Contrastive learning is how most embedding models are trained — the models that power semantic search, RAG, and recommendations. It's also the training approach behind CLIP, which connects language and vision. Any time you use embeddings to measure similarity, contrastive learning is likely how those embeddings were created.

Deep Dive

The InfoNCE loss (used by CLIP and many embedding models): given a batch of N positive pairs, treat the N−1 non-matching items in the batch as negative examples. The loss pushes positive pair embeddings closer together and negative pair embeddings apart. The key insight: you don't need explicitly labeled negative examples — other items in the batch serve as negatives for free, making the approach highly scalable.
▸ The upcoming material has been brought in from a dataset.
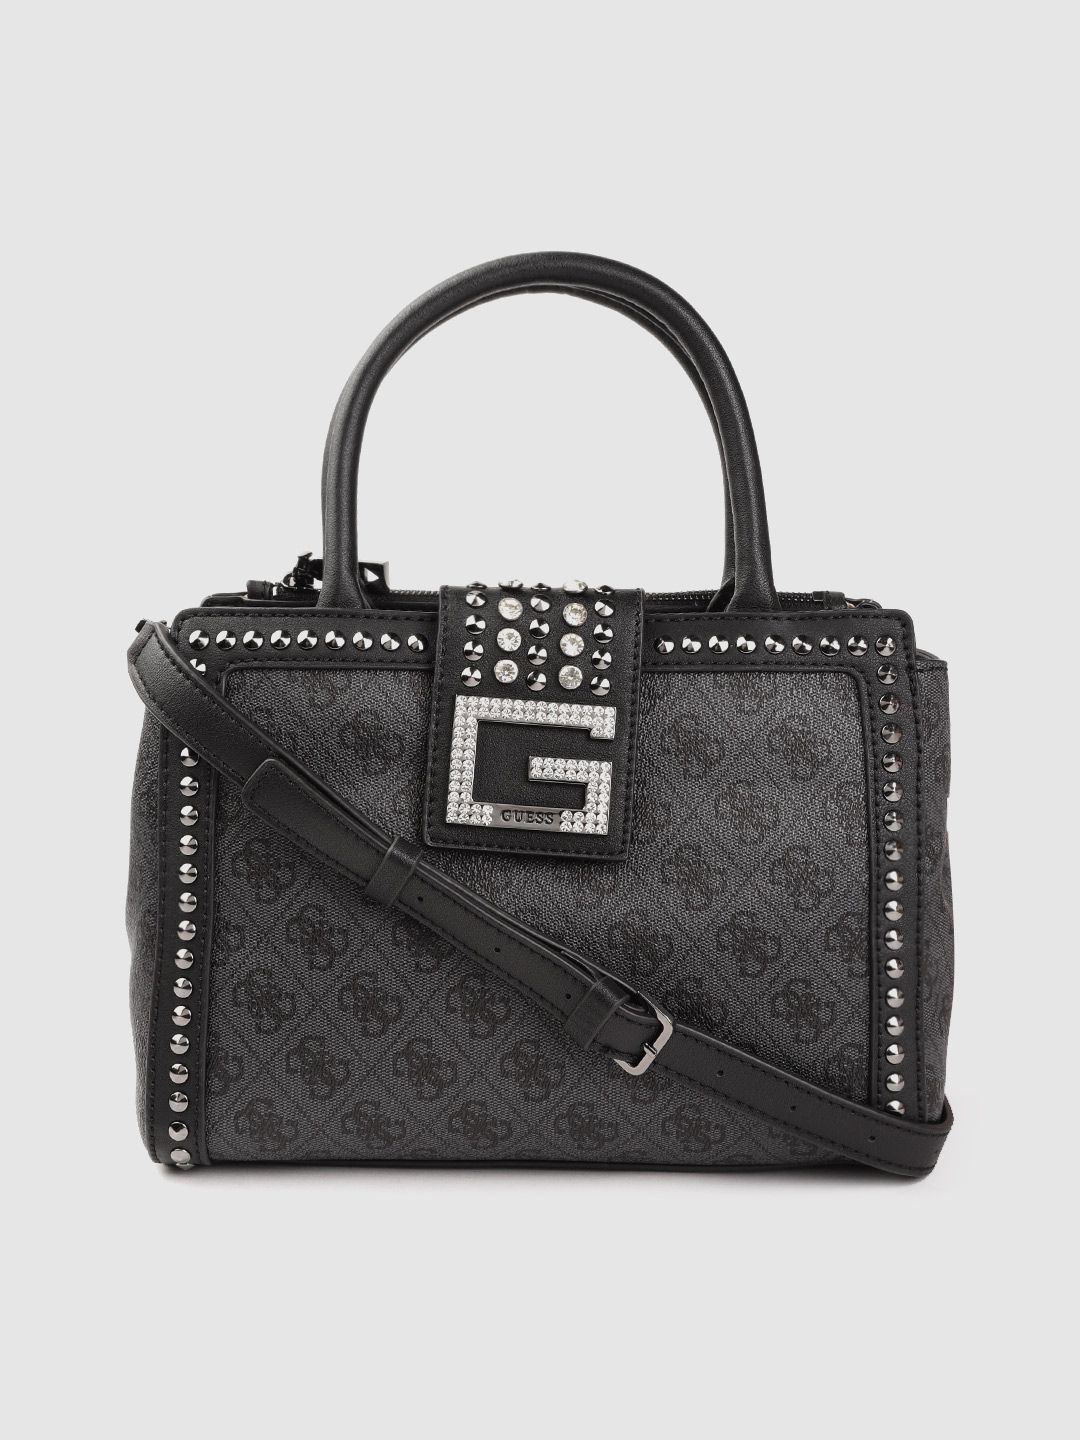 GUESS Charcoal Grey & Black Brand Logo Printed Structured Handheld Bag Price in India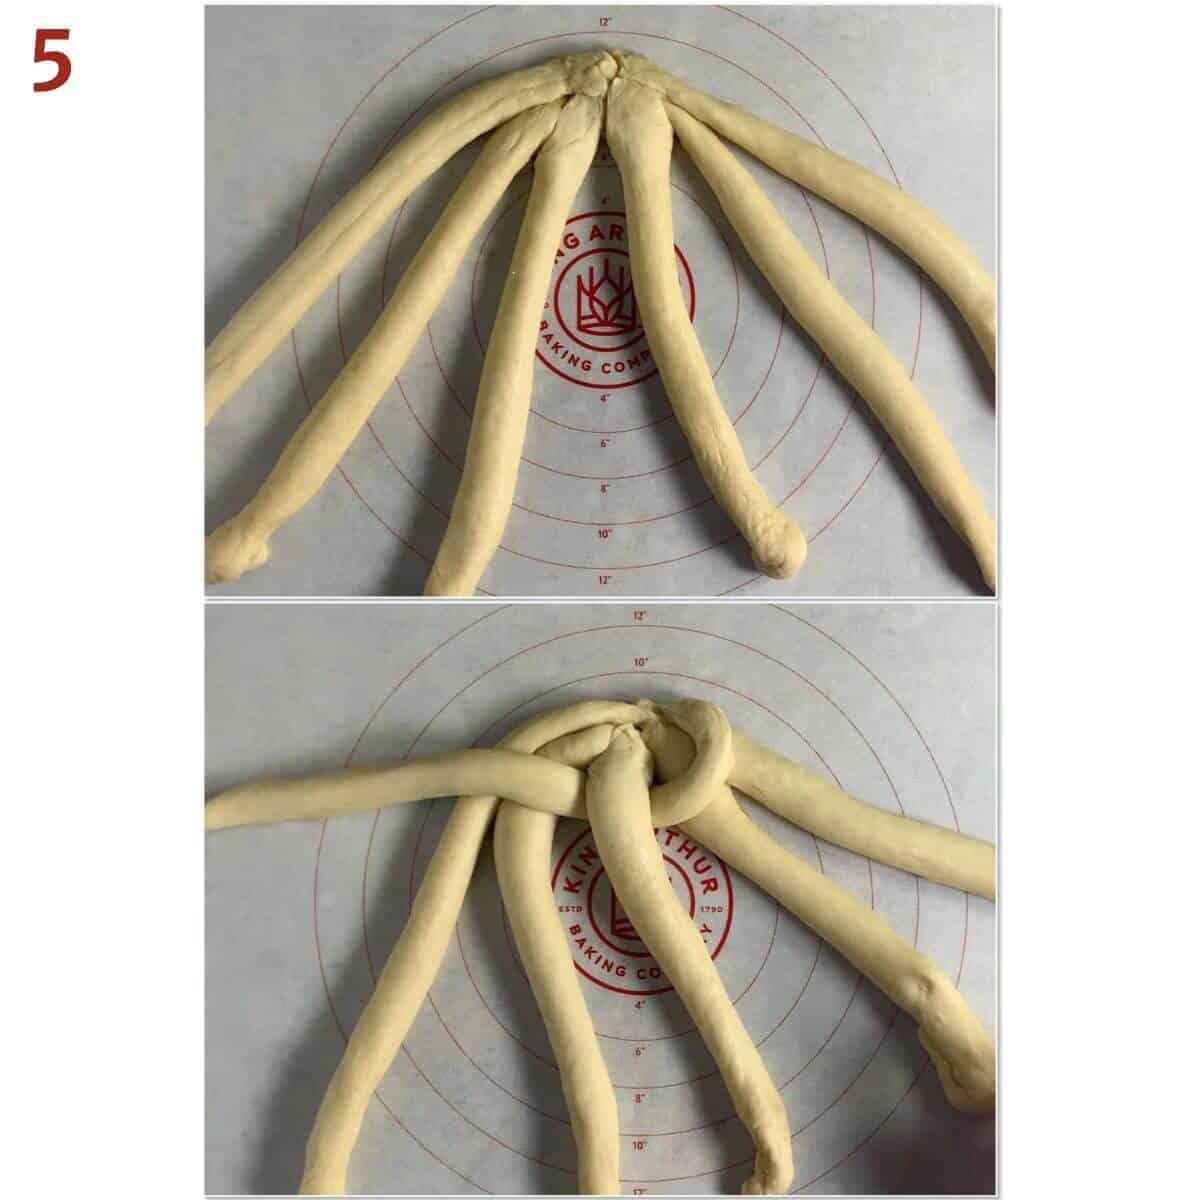 Collage of 6 strands side by side, then taking the rightmost strand and jump it over the next 2 strands, under the 3rd strand, and over the next 2 strands.

Data Augmentation as Supervision

In vision, contrastive learning creates positive pairs through data augmentation: two random crops of the same image are a positive pair (they show the same content from different views). Different images form negative pairs. The model learns that the augmented views should have similar embeddings while different images should have different embeddings. This learns useful visual representations without any labels — pure self-supervision.

Hard Negatives

Not all negatives are equally useful for learning. "Hard negatives" — items that are similar but not matching — provide the most learning signal. For a query about "Python web frameworks," a hard negative might be a document about "Python data science" (similar topic, wrong answer) rather than one about "cooking recipes" (obviously irrelevant). Mining hard negatives is a key technique for training high-quality embedding models.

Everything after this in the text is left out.